Scrabble social media (USA)

Verbal cues of the Indulge Yourself source code include:

  • Unexpected bonus: “The best thing about getting quarantined” (Scrabble)
  • Unashamed comfort tonality: “I just need the comfort,” “Consumers are coming back to old-fashioned brands that had fallen out of favor”; “How to engineer a comfort food”
  • Self-help tonality: e.g., “Now that you have more time, be sure to pamper yourself”; “10 ways to practice self-care during the COVID-19 outbreak”; “Coronavirus: Pampering Yourself at Home”
Story in The Guardian (UK) about indulging in fondly remembered snacks from childhood

Purging 2020

The Purging 2020 source code’s norm (idea, value, higher-order benefit) can be described as follows: Ritualistically exorcizing the year 2020, as though it were an evil spirit possessing us all .

John Oliver (USA)

Visual cues of the Purging 2020 source code include:

  • Explicit attacks on the year 2020, e.g., a giant “2020” construct exploded.
  • Rituals — whether earnest or tongue-in-cheek, or somewhere in-between — exorcizing 2020
  • Fun rituals intended to make 2020 more enjoyable

Verbal cues of the Purging 2020 source code include:

  • Apostrophizing 2020, addressing angry diatribes against it.
  • “Fuck you, 2020.”
  • “O 2020… you are not worthy to be remembered….you have troubled us so much, you are not worthy to forget.”
Art by Russian illustrator Rim Saifutdinov (via Dribble)
Viral “I Cry Over Techno” video (Russia)

Maria Papanthymou (Russia) writes: “In April, apartment dwellers across the Russian-speaking world took to their balconies to emulate the ‘I Cry Over Techno‘ music video by Russian pop act Cream Soda, which is ‘dedicated to all canceled parties,’ and which shows band members and other characters dancing on balconies in increasingly absurd ways.”

Aiyana Gunjan (India)

Aiyana Gunjan (India) sends this video, a WhatsApp forward that was very popular around the turn of 2019–2020: “According to folklore, an excellent rendition of the Hindustani classical raga “Megh Malhar” can make it rain and in so doing — as in the end of the summer drought — wash away all miseries.

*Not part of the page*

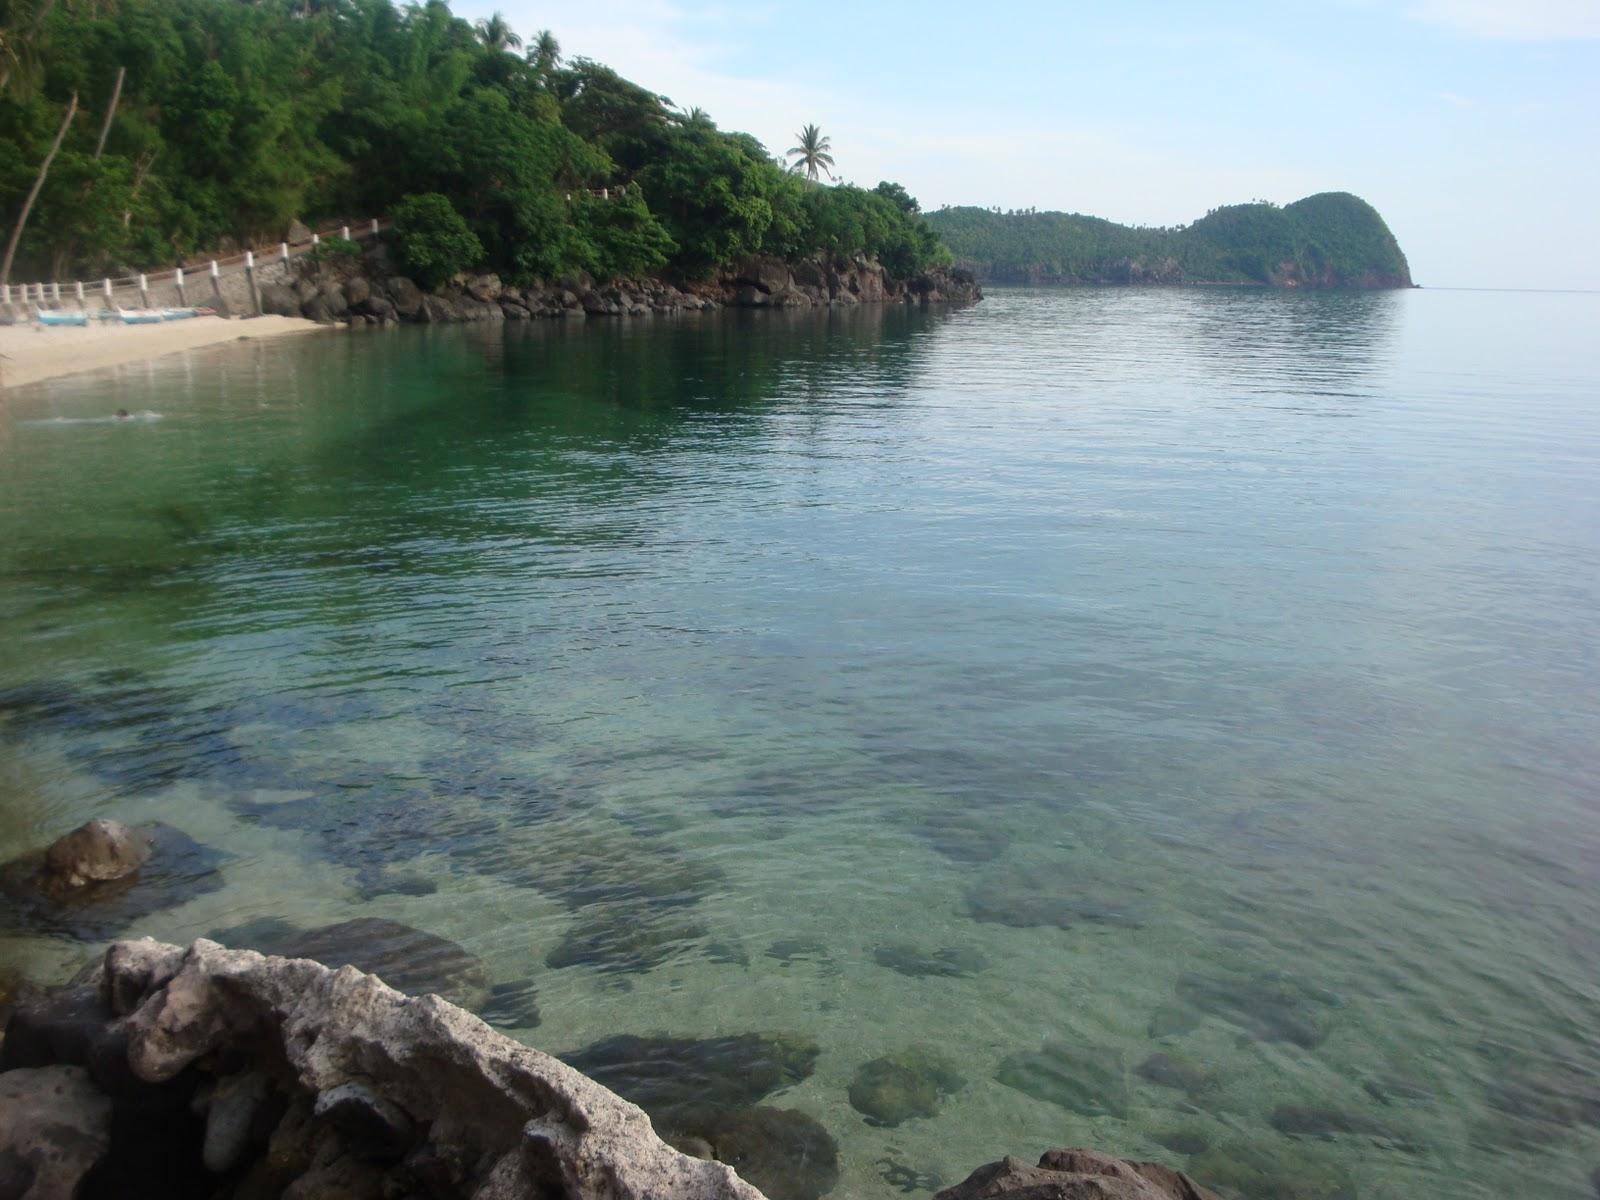 Macat-Ang Beach Banton Island, Barangay Mainit Beach, Macat-ang_Banton-Island, Macat-ang Beach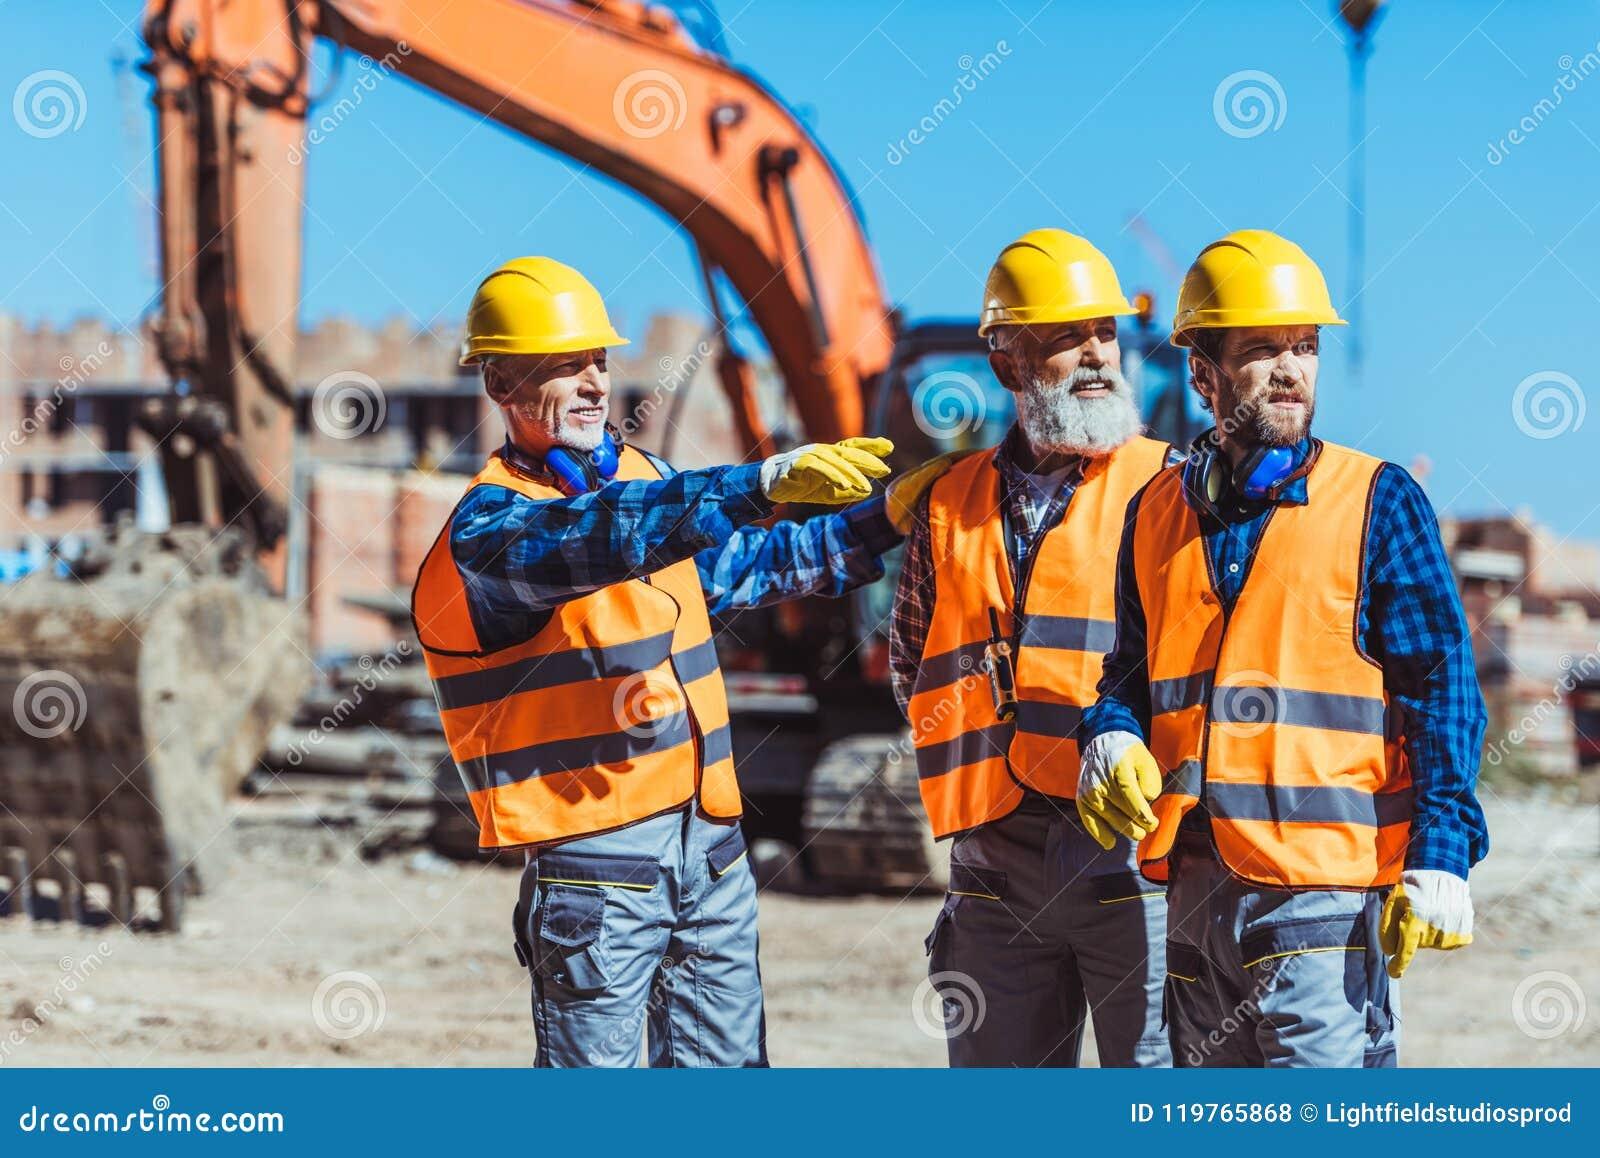 Contramestre que mostra a construtores algo no canteiro de obras apontando o seu

The singer, Sandeep Ranade, a classical vocalist, evokes the higher forces to shower joy and remove all pain and suffering of 2020.”

Aiyana Gunjan (India)

Aiyana also sends this video expressing anger towarss 2020 via Qawaali, a popular form of Indian music. “O 2020… you are not worthy to be remembered…. you have troubled us so much, you are not worthy  to  forgot.  2020, go to Hell!” etc.